The complaint contains several defects. One, the Commission does not assert jurisdiction over “breach of duty of fair representa­tion” claims arising exclusively out of the processing of contrac­tual grievances. Mukilteo School District (Public School Employees of Washington), Decision 1381 (PECB, 1982). While a union does owe a duty of fair representation to bargaining unit employees with respect to the processing of grievances, such claims must be pursued before a court which can assert jurisdiction to determine (and remedy, if appropriate) any underlying contract violation.

Two, the duty to bargain under Chapter 41.56 RCW exists only between an employer and the incumbent exclusive bargaining representative of its employees. The refusal to bargain provisions of RCW 41.56.150(4) can only be enforced by an employer. Individ­ual employees do not have standing to process refusal to bargain allegations.

Three, like the complaint against the employer, the complaint fails to explain and specify what “other” statute has been violated by the union’s actions. Four, like the complaint against the employer, the deficiency notice indicated that it appeared that the same defect existed concerning the filing of papers by fax and the service of papers on other parties.

Amendments Filed in Response to Deficiency Notice

Nelson filed amendments to the complaints on April 30, May 4, 17, 21, 24, and June 9, 2004. Those filings fail to cure the defects indicated in the deficiency notice. An amendment filed on April 30 stated that Nelson served all of the papers filed with the Commission on the employer. Other amendments reiterated Nelson’s belief that the union failed to assist Nelson in relation to her termination. The amendments alleged that a union shop steward was “acting more and for management,” and that an “incident policy” was not brought before union members for a vote. The process used by a union to decide the selection of union shop stewards or what proposals to accept in negotiations is purely of a union’s own creation. Such process is part of a union’s internal affairs and is often controlled by a union’s constitution and/or bylaws. The constitution and bylaws of a union are the contracts among the members of the union for how the organization is to be operated. Disputes concerning alleged violations of the constitution and bylaws of a union must be resolved through internal procedures of the union or the courts. Enumclaw School District, Decision 5979 (PECB, 1997).
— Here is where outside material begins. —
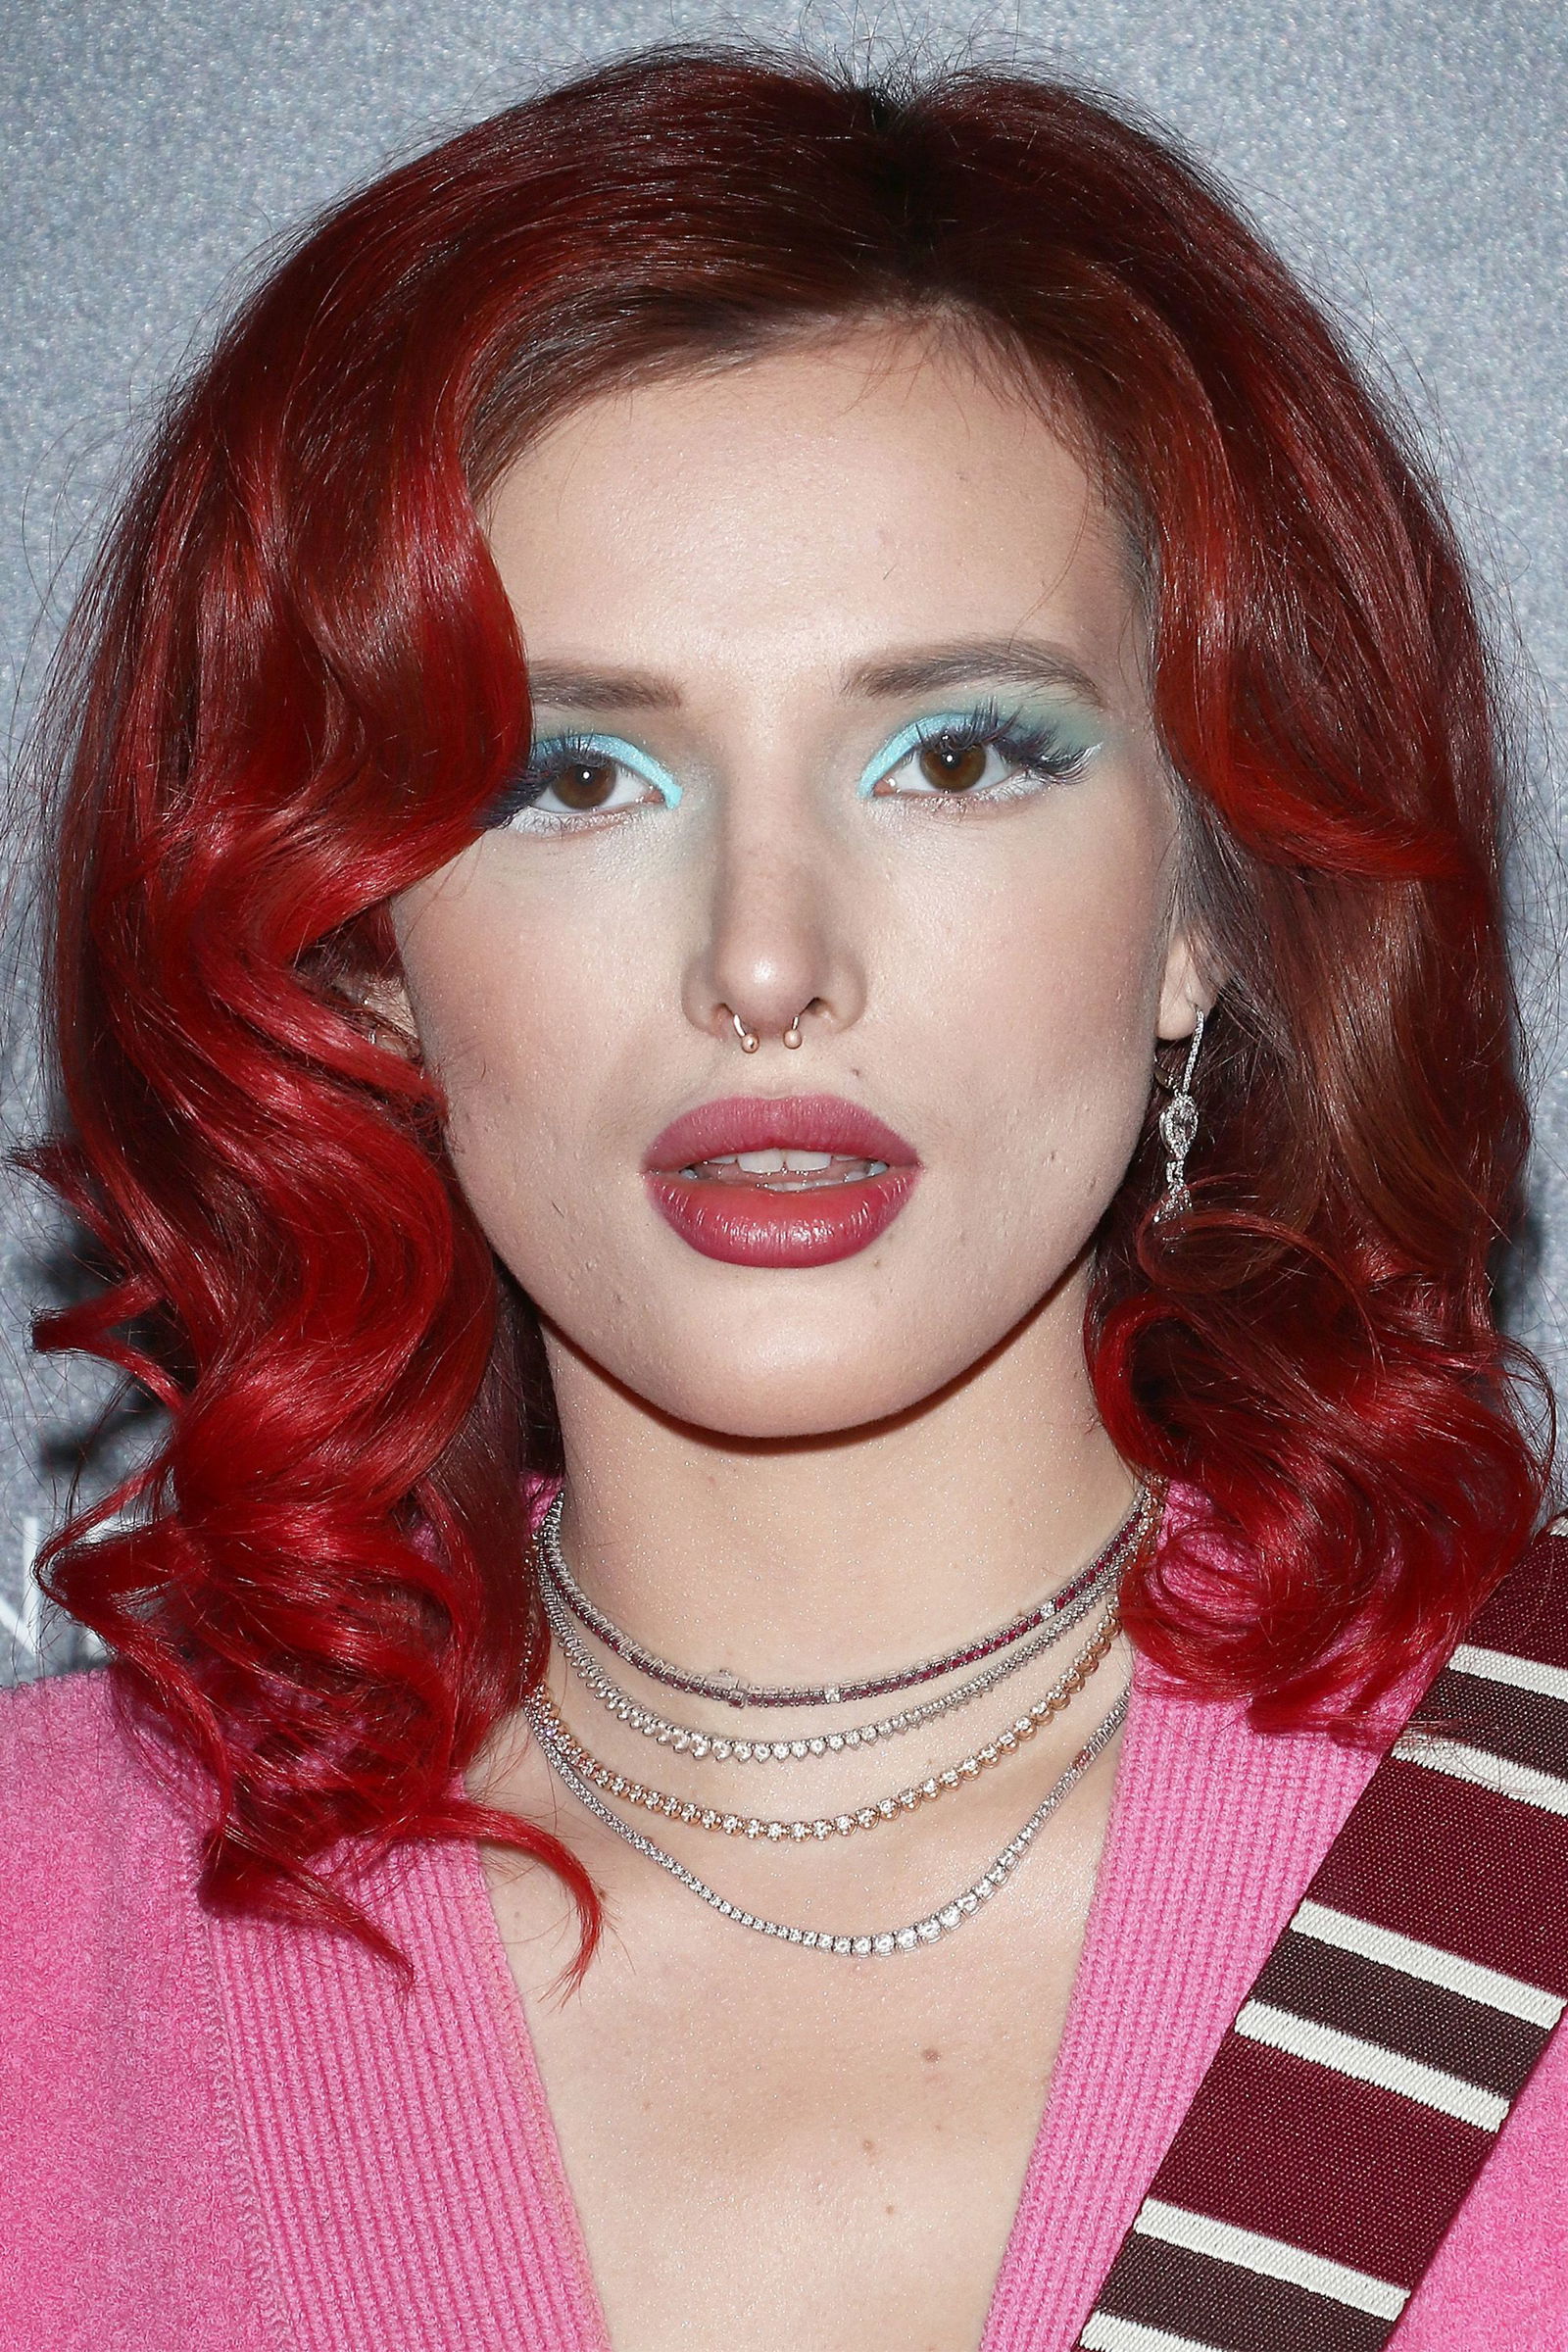 Photo by silvie with the username @silvie, posted on May 10, 2019. The post is about the topic Curvy woman sexy redhead woman and the text says 'ellle-redhead-bella-thorne-gettyimages-936702080-1536679103.jpg'

Other amendments responded to the employer’s letter filed on April 7, 2004, arguing that Nelson was treated differently than a co-worker in the same position. However, as indicated in the deficiency notice, the preliminary ruling process is limited under WAC 391-45-110 to a review of “the facts alleged in the complaint . . .” The employer’s letter was not considered in preparing the deficiency notice or this order.

NOW, THEREFORE, it is

ORDERED

The complaints charging unfair labor practices in the above captioned matters are DISMISSED for failure to state a cause of action.

ISSUED at Olympia, Washington, this 23rd day of July, 2004.

PUBLIC EMPLOYMENT RELATIONS COMMISSION

[SIGNED]

MARK S. DOWNING, Unfair Labor Practice Manager

This order will be the final order of the agency unless a notice of appeal is filed with the Commission under WAC 391-45-350.



[1]          At this stage of the proceedings, all of the facts alleged in the complaints are assumed to be true and provable. The question at hand is whether, as a matter of law, the complaints state a claim for relief available through unfair labor practice proceedings before the Public Employment Relations Commission.